Father Pius Pietrzyk, OP, chair of pastoral studies at St. Patrick’s Seminary in Menlo Park, California, told CNA that “perfect contrition” is sorrow for one’s sins based upon love for God, which includes the firm resolution not to commit them any more.

When contrition arises from “a love by which God is loved above all else, contrition is called ‘perfect,’” the Catechism of the Catholic Church teaches.

The catechism explains that perfect contrition “remits venial sins; it also obtains forgiveness of mortal sins if it includes the firm resolution to have recourse to sacramental confession as soon as possible.”

Imperfect contrition, also known as attrition— sorrow for one’s sins based upon fear of the punishment of Hell— is sufficient for a priest to absolve you in the confessional, but not enough to obtain the forgiveness of mortal sin without sacramental confession to a priest, the catechism explains.

So, how is an act of perfect contrition done?

Practically, there are two things a Catholic must do.

The first is to pray an act of contrition “out of love for God,” Father Pietrzyk said.

Being sorry out of love for God has often been described as having a desire to be reunited to God because of who he is– because of God’s perfect love for us, and because of sorrow for having offended God by sin. It means wanting to live in unity with God, and to put aside the sins that stand in the way. 

There is no set formula for making an act of contrition, but a common one reads as follows: “My God, I am sorry for my sins with all my heart. In choosing to do wrong and failing to do good, I have sinned against You, whom I should love above all things. I firmly intend, with Your help, to do penance, to sin no more, and to avoid whatever leads me to sin.”

Second, a Catholic must make a firm commitment to go to confession when that becomes possible.

Father Pietrzyk explained that an act of perfect contrition is not a replacement for the sacrament of penance— far from it.

“Even perfect contrition is never separated from the sacrament, at least in intention…if one makes a perfect act of contrition, it’s not ‘Oh, I don’t have to go to confession any more.’ Quite the opposite,” Father Pietrzyk said.

“The person who says: ‘I have perfect contrition, but I’m not going to the sacrament’ does not in fact have perfect contrition,” he said.

The sacrament of penance remains the sole, ordinary means for the forgiveness of mortal sins after baptism, Father Pietrzyk said.
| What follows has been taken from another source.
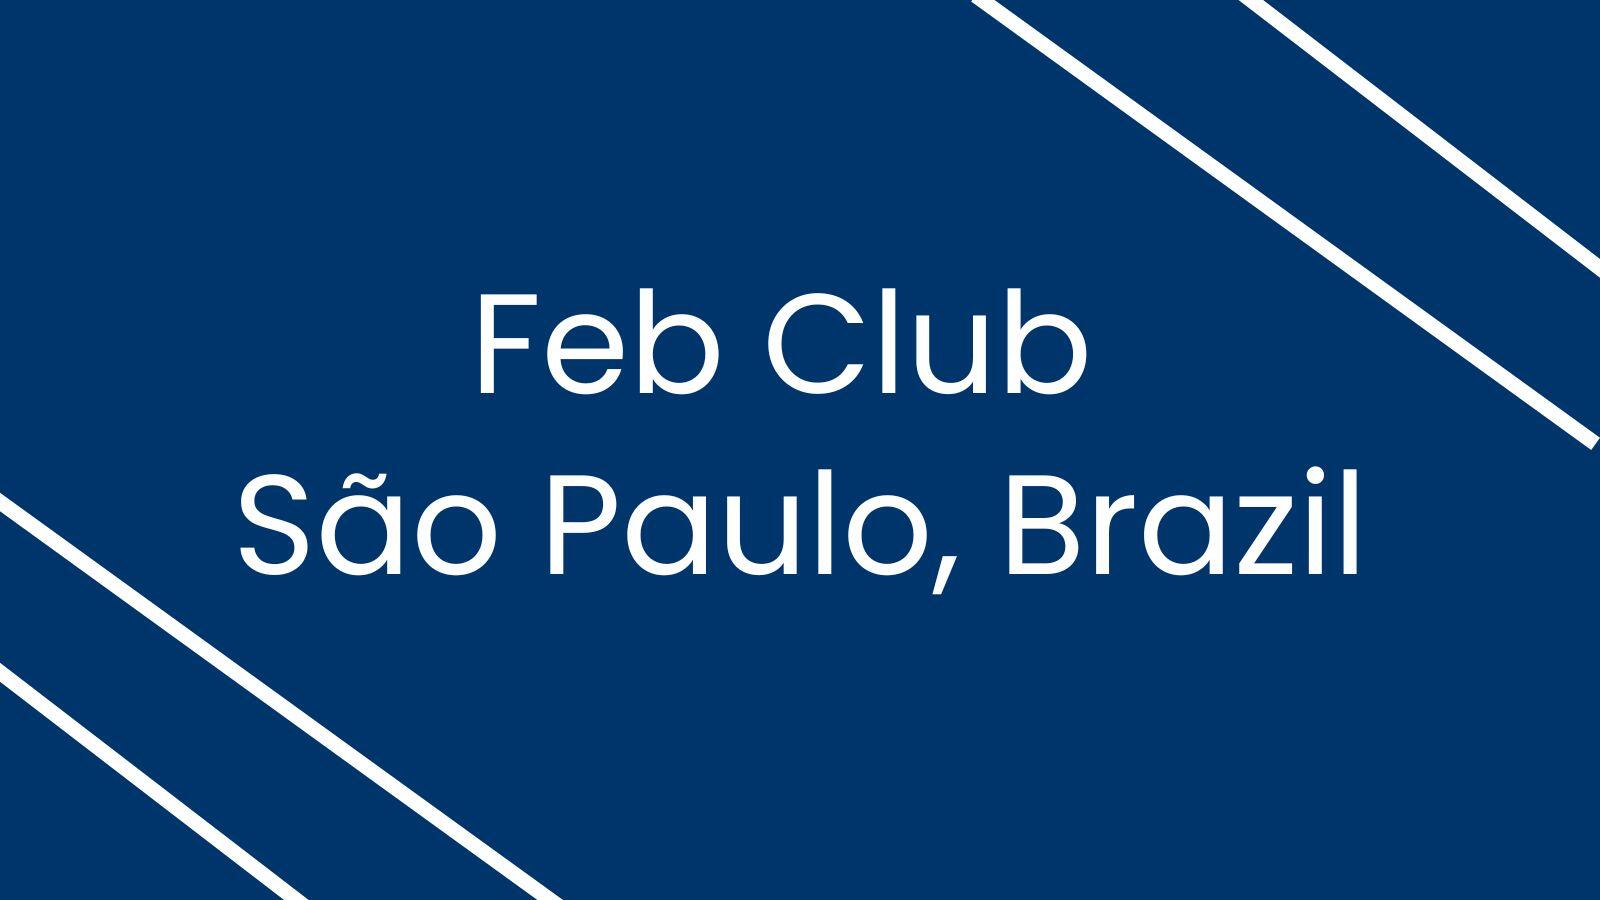 Feb Club - São Paulo, Brazil

Contrition is about conversion, he said, which means turning away from attachment to sin, and turning toward the sacraments.

Pope Francis last week encouraged Catholics confined to their homes to ask God for forgiveness and then to go to confession when they are able.

“You do what the Catechism says. It is very clear: if you do not find a priest to hear your confession, speak to God, he is your father, and tell him the truth…Promise him: ‘Later I will confess, but forgive me now.’ And immediately you will return to the grace of God,” Pope Francis said.